This all started because the wonderful poet Sam Tuff (@frivolousphilosopher on Instagram) bought a Game Boy Camera. Very cool device.
Basically, you slap this cartridge into your Game Boy, have a round of Nintendo’s lost game “Go Touch Grass”, and then boom. You’ve got funky lil pictures all dithered up in your handheld. Unfortunately, though, you needed *another* peripheral to actually get the images off- that being a Game Boy Printer.

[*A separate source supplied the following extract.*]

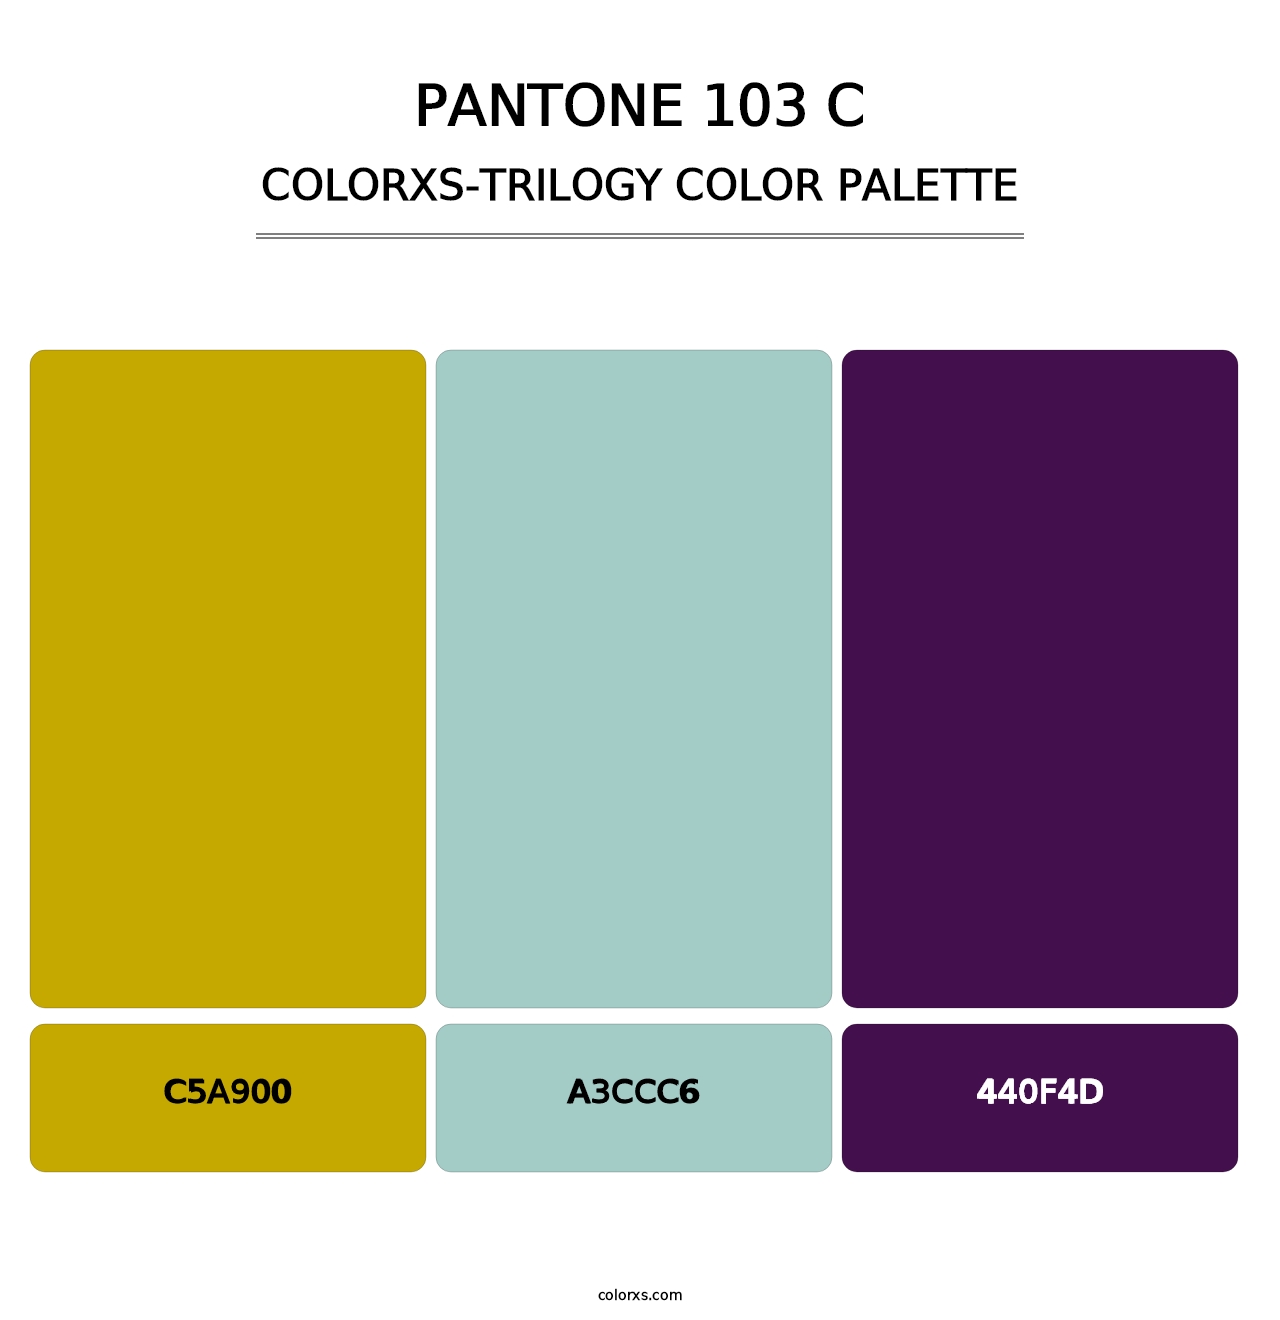 PANTONE 103 C - Colorxs Trilogy Palette
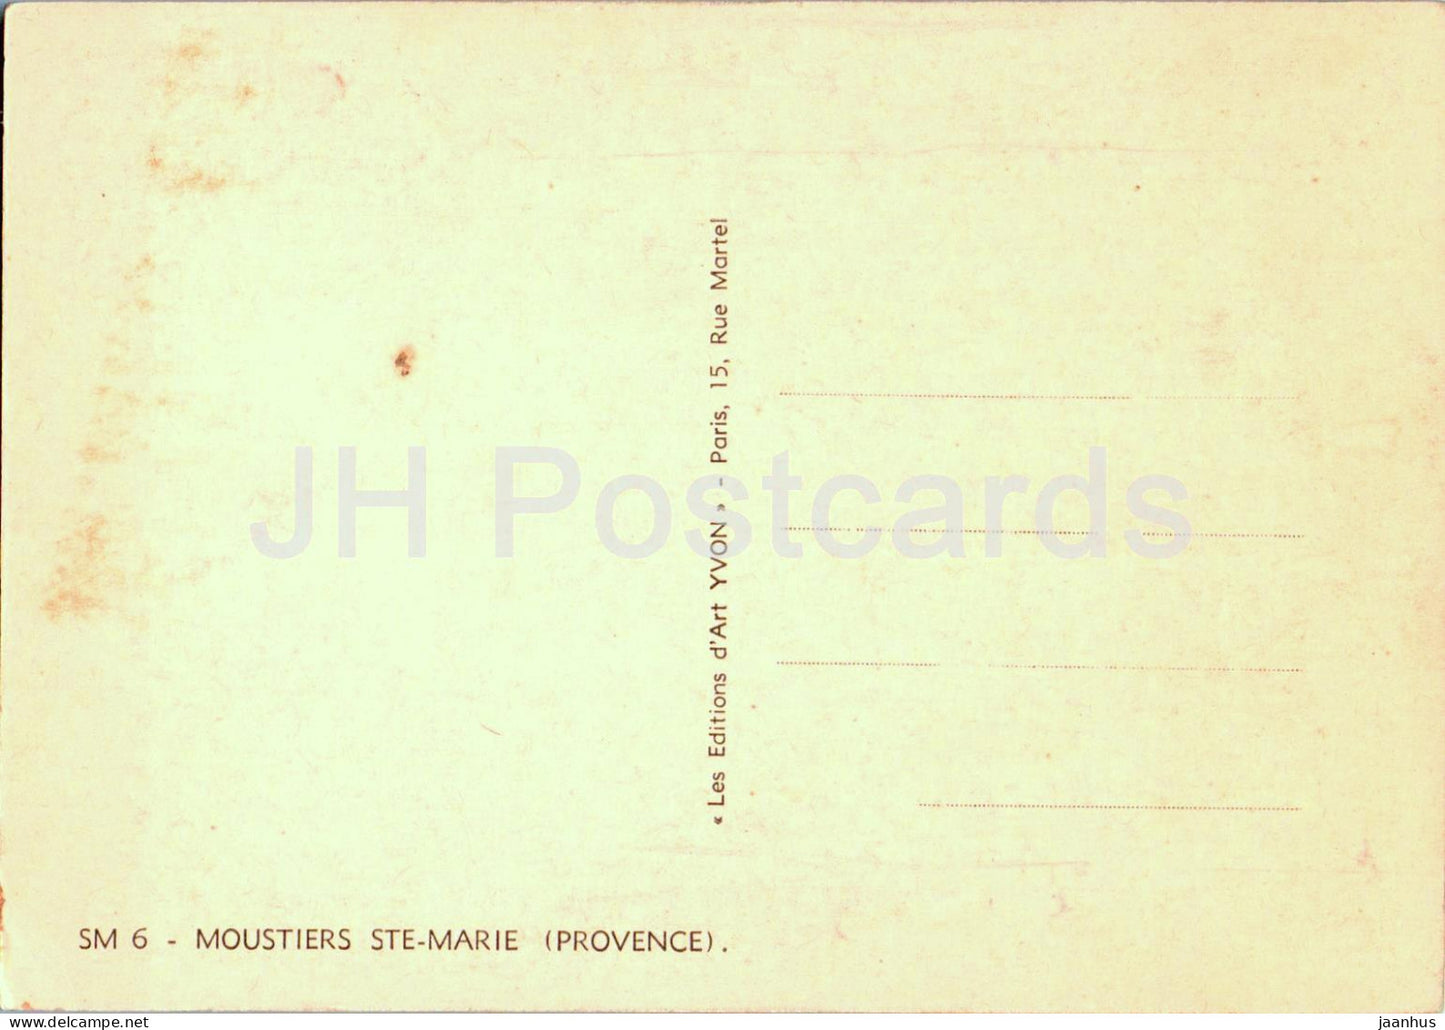 Moustiers Ste Marie - Provence - SM 6 - carte postale ancienne - France - inutilisée

Lovely lad that he is, he hasn’t acquired the printer (yet), so he took screenshots via the Analogue Pocket which render in black and white. Of course, the Game Boy doesn’t naturally render it’s images in grayscale- in fact, you’ll get a veritable who’s who of nuclear fallout greens. So, inspired by his sharing, I went ahead and edited these black and white screenshots back into the original GB palette.
Ooh, putrid!
In experimenting with colour palettes I found the incredible Lospec, which is a site where folks submit their own palettes for people to use in pixel art. Very snazz. Following an Aseprite tutorial by David Thomas, I resampled a picture of Klaus Nomi yoinked from Michael Halsband’s very good and excellent archive and changed the colours to this cool Darkseed inspired palette by Ricardo Juchem.
What’s cool about Lospec is from the sheer quantity of palettes it’s possible to index and resample all sorts of cool images. Especially for folks exploring retro content on the personal web, this feels like an easy win for having fun with those funky lil jpeg and png files.
I really wanna do the blender donut but I’m committed to sharing whatever the hell I make no matter what, and today Sam showed me cool pictures and I already downloaded a jpeg of Klaus Nomi to print with my label printer (lol) so sometimes you end the day and you’ve done this and then you post it. COOL!